I just averaged the studies......which were conducted by different researchers, from both private and public researchers, over a period of 40 years looking specifically at guns and self defense....the name of the researcher is first, then the year then the number of times they determined guns were used for self defense......notice how many of them there are and how many of them were done by gun grabbers like the clinton Justice Dept. and the obama CDC

And these aren't all of the studies either...there are more...and they support the ones below.....

A quick guide to the studies and the numbers.....the full lay out of what was studied by each study is in the links....
GunCite-Gun Control-How Often Are Guns Used in Self-Defense

GunCite Frequency of Defensive Gun Use in Previous Surveys

Field...1976....3,052,717 ( no cops, military)
DMIa 1978...2,141,512 ( no cops, military)
L.A. TIMES...1994...3,609,68 ( no cops, military)
Kleck...2.5 million ( no cops, military)

Obama's CDC....2013....500,000--3million

--------------------


Bordua...1977...1,414,544

DMIb...1978...1,098,409 ( no cops, military)

Hart...1981...1.797,461 ( no cops, military)

Mauser...1990...1,487,342 ( no cops, military)

Gallup...1993...1,621,377 ( no cops, military)

DEPT. OF JUSTICE...1994...1.5 million

Journal of Quantitative Criminology--- 989,883 times per year."

-------------------------------------------
Ohio...1982...771,043

Gallup...1991...777,152

Tarrance... 1994... 764,036 (no cops, military)

Lawerence Southwich Jr. 400,000 fewer violent crimes and at least 800,000 violent crimes deterred..
*****************************************
If you take the studies from that Kleck cites in his paper, 16 of them....and you only average the ones that exclude military and police shootings..the average becomes 2 million...I use those studies because I have the details on them...and they are still 10 studies (including Kleck's)....

And of course the fact that not one study is lower than 764,000 makes no difference to brain, nor does the fact that 10 studies put the number at over a million.......so averaging the studies gives us about 2 million defensive gun uses a year.....that is just civilian use.....


I count 15, the CDC did not do a DGU study.

Of those 15, 11 say it is less than 2 million. 73%

And you conveniently leave out the realistic studies like the NCVS.

The 2 highest studies should obviously be thrown out. The LA Times study doesn’t even seem to exist and the Field study wasn’t even a national study.

Most of your studies are ancient and crime has come down dramatically since they were done. Claiming 2 million is silly and mathematically impossible based on crime rates and gun ownership.


Yes...throw out the studies you don't like to get the number you want...nice.....that is why we don't trust your side brain, the anti gun extremists don't care about the truth, reality or actually stopping criminals from getting guns.....they hate guns and know they can stop normal people from owning guns by passing laws...and that is just what they plan on doing.....

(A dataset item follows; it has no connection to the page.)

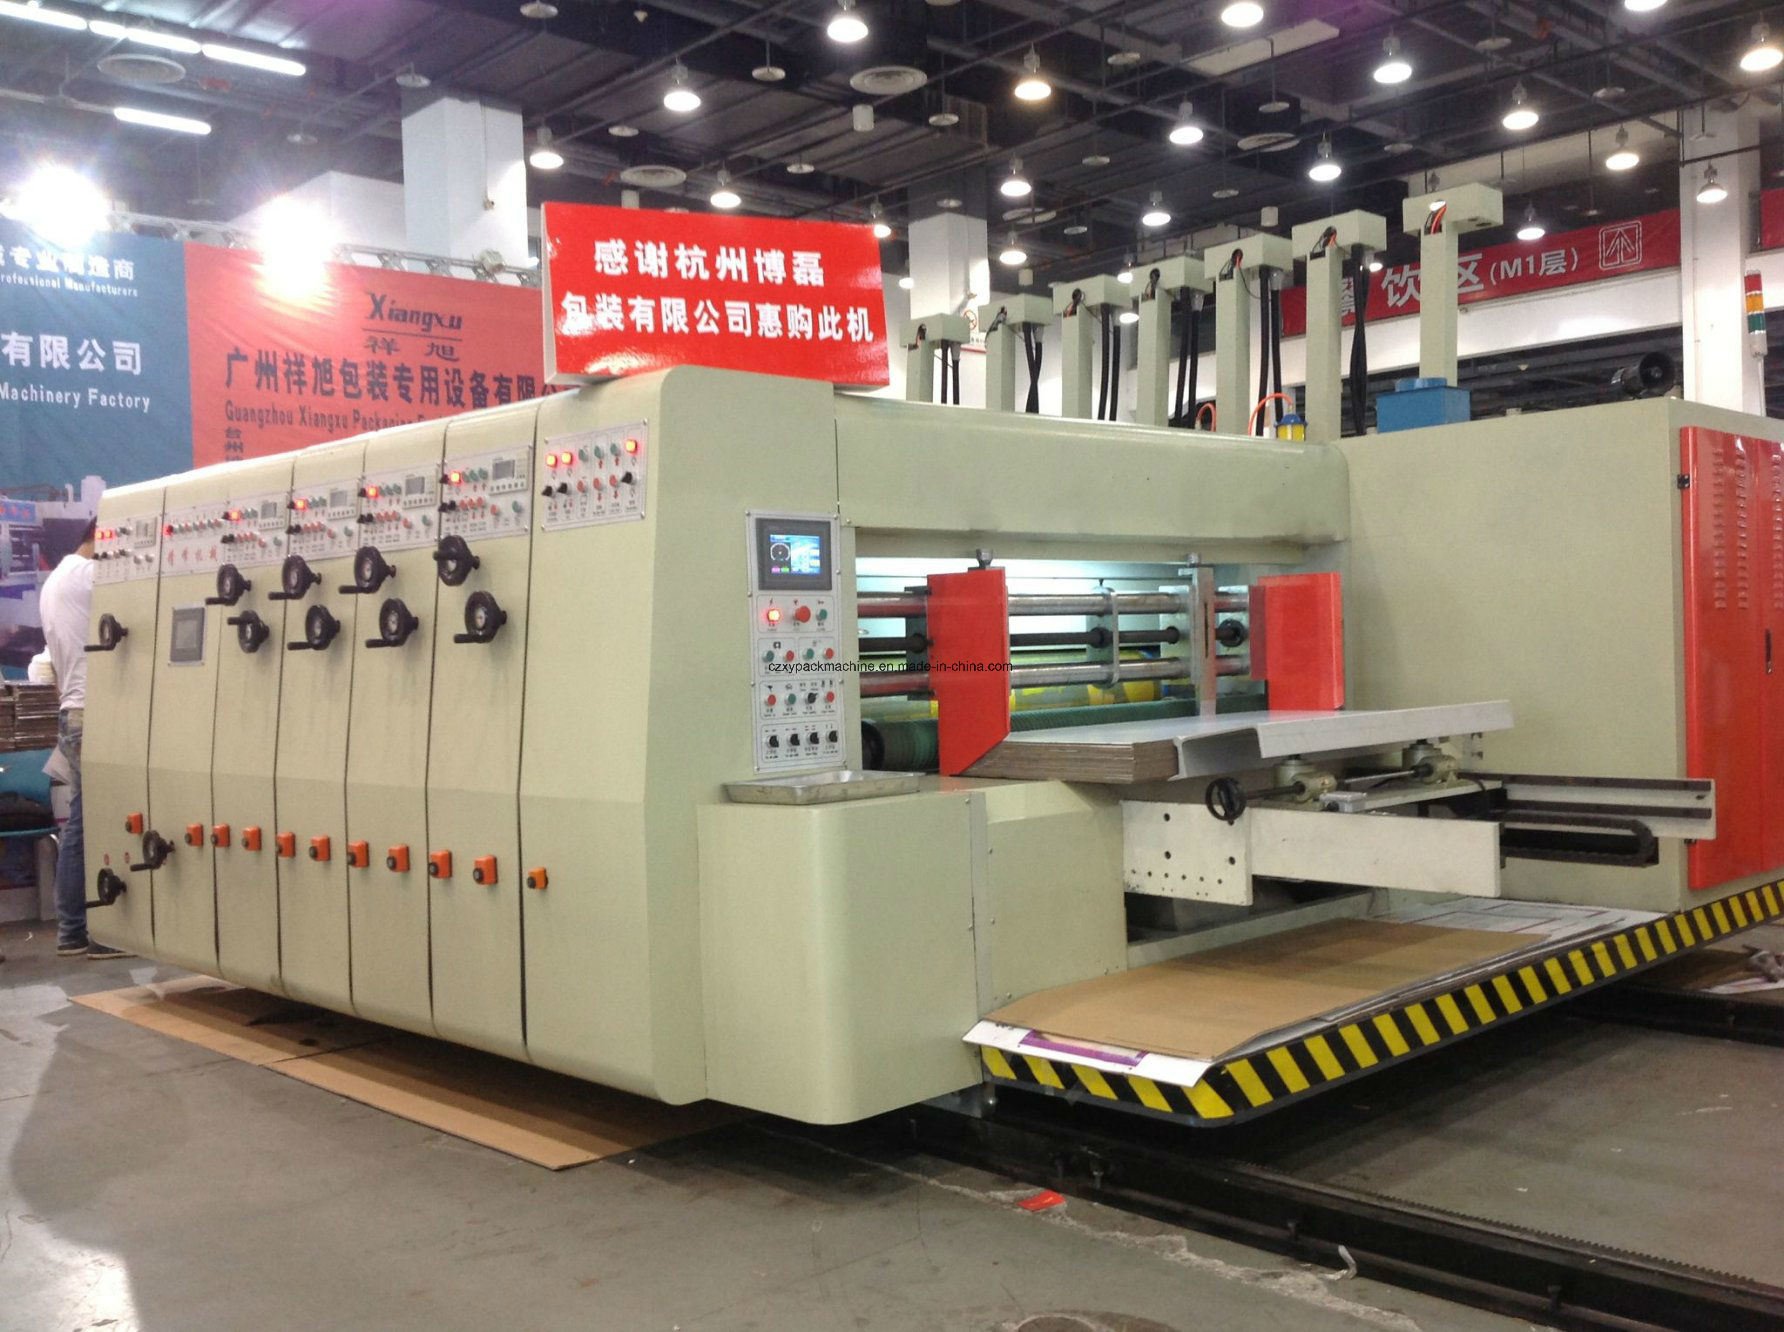 4 Color Narrow Web Flexo Die Cutting and Printing Machine
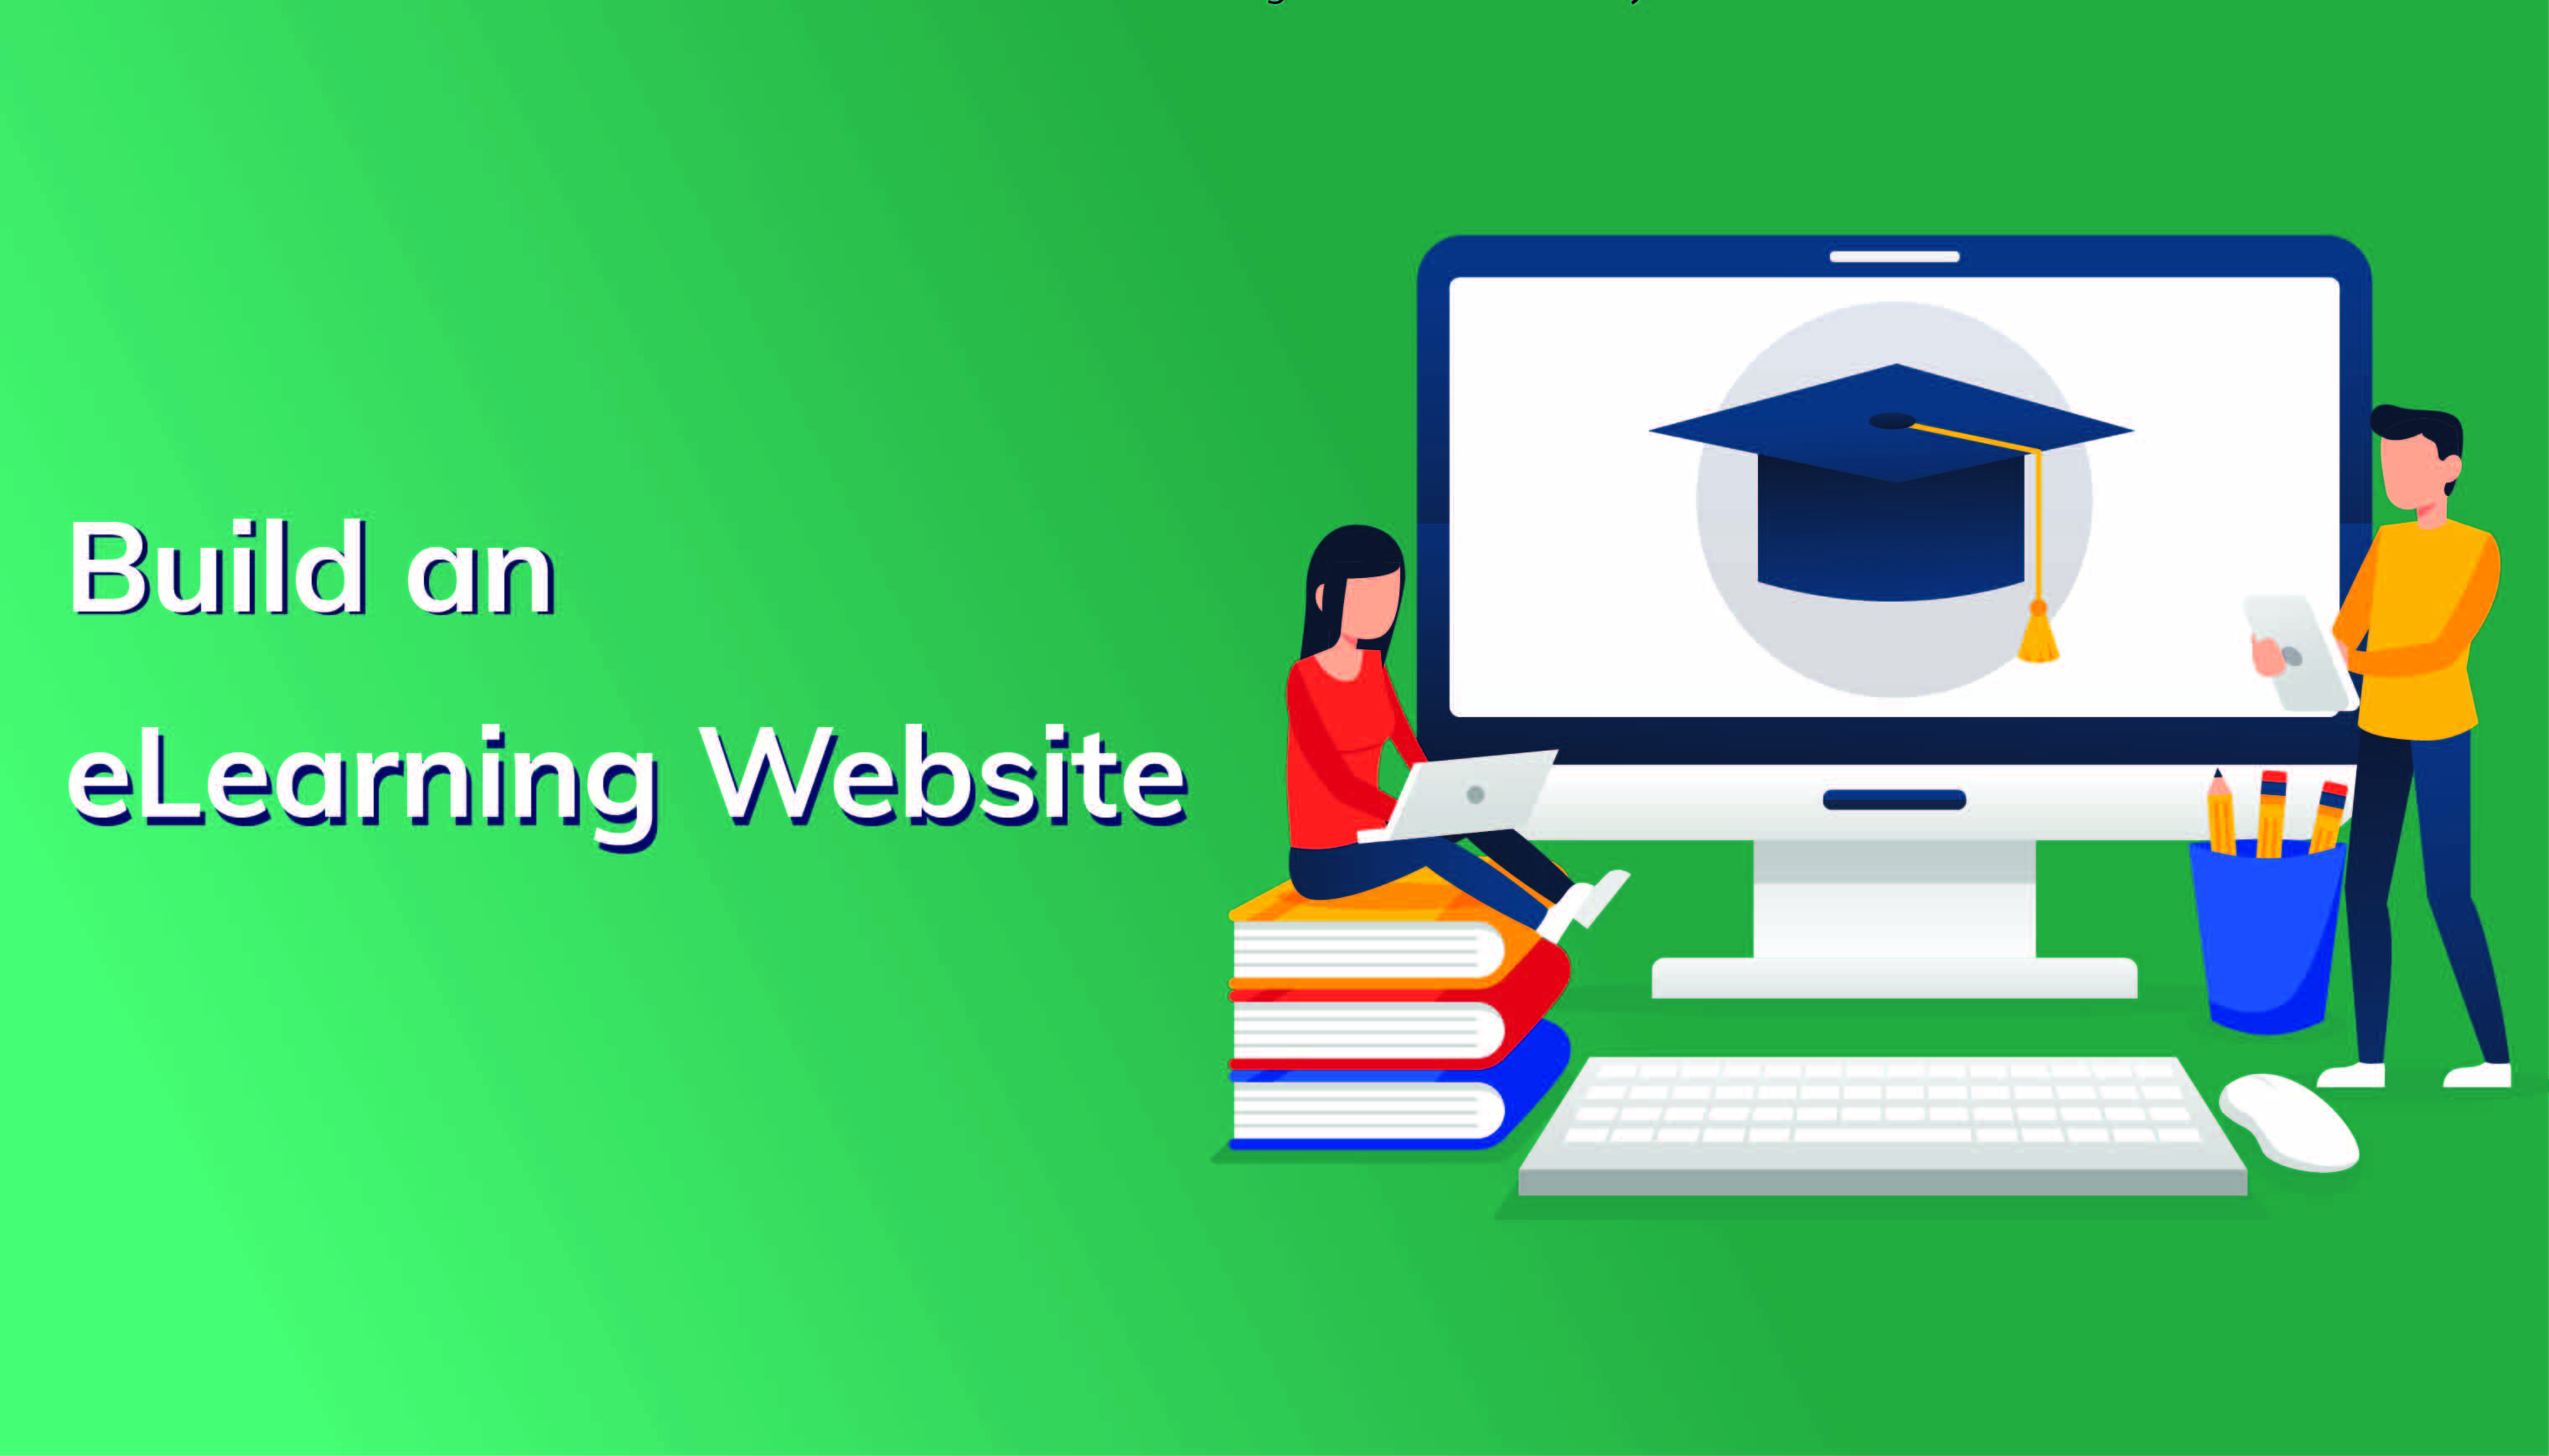 How To Build An eLearning Website Like Udemy Or Coursera

You throw out the studies you don't like. And you keep studies that make no sense. One you can't even prove exists and the other wasn't a national study. You need help...
 
The vast majority of DGU studies agree with K&G. Fact. Get over it, Cupcake.

Here are some gun polls.
Field, California, 1976, just handguns, 3.1M
Bordua, Illinois, 1977, all guns, 1.4M
DMIa, U.S., 1978, all guns, 2.1M
DMIb, U.S., 1978, all guns, 1.1M
Hart, U.S., 1981, just handguns, 1.8M
Ohio, Ohio, 1982, just handguns, 0.8M
Mauser, U.S., 1990, all guns, 1.5M
Gallup, U.S., 1991, all guns, 0.8M
Gallup, U.S., 1993, all guns, 1.6M
L.A.Times, U.S., 1994, all guns, 3.6M
Tarrance, U.S., 1994, all guns, 0.8M

With a total of 11, 8 say it is less than 2 million. So 72% say it is less. The vast majority say it is less than 2million. And there are more surveys that all say it is less so really it's more than 72%.


And all 16 studies...

I just averaged the studies......which were conducted by different researchers, from both private and public researchers, over a period of 40 years looking specifically at guns and self defense....the name of the researcher is first, then the year then the number of times they determined guns were used for self defense......notice how many of them there are and how many of them were done by gun grabbers like the clinton Justice Dept. and the obama CDC

And these aren't all of the studies either...there are more...and they support the ones below.....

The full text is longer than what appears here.